Below are the entries; output exactly the lines from the one containing "Технические характеристики моноэлементных" through the final line, inclusive.
━━━━━ MATERIAL PROVIDED
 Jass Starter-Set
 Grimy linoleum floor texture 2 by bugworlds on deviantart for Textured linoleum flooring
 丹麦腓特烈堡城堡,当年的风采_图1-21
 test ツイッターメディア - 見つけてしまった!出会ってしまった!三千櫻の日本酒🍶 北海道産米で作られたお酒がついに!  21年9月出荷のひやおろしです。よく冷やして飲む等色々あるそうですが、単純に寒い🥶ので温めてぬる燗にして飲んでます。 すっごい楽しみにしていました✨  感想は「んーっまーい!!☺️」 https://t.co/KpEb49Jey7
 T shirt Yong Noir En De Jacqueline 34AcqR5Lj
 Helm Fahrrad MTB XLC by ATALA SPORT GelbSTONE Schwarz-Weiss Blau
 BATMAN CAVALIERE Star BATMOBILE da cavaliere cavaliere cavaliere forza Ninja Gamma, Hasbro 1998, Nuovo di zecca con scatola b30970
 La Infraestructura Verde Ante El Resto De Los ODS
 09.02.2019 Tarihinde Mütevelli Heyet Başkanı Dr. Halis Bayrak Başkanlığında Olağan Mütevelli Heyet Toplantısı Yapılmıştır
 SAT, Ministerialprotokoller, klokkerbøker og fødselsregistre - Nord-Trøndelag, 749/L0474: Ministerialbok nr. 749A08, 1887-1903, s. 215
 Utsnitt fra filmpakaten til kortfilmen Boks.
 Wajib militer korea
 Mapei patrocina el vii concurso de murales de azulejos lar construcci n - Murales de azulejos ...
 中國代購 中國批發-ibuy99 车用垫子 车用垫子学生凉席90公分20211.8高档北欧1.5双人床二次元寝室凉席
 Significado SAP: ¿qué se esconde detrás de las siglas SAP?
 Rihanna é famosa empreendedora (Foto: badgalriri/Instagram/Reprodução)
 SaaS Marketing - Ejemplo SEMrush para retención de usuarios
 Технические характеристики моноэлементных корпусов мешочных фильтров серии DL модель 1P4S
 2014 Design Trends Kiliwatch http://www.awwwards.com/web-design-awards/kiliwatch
━━━━━━━━━━
* RESPONSE BELOW
 Технические характеристики моноэлементных корпусов мешочных фильтров серии DL модель 1P4S
 2014 Design Trends Kiliwatch http://www.awwwards.com/web-design-awards/kiliwatch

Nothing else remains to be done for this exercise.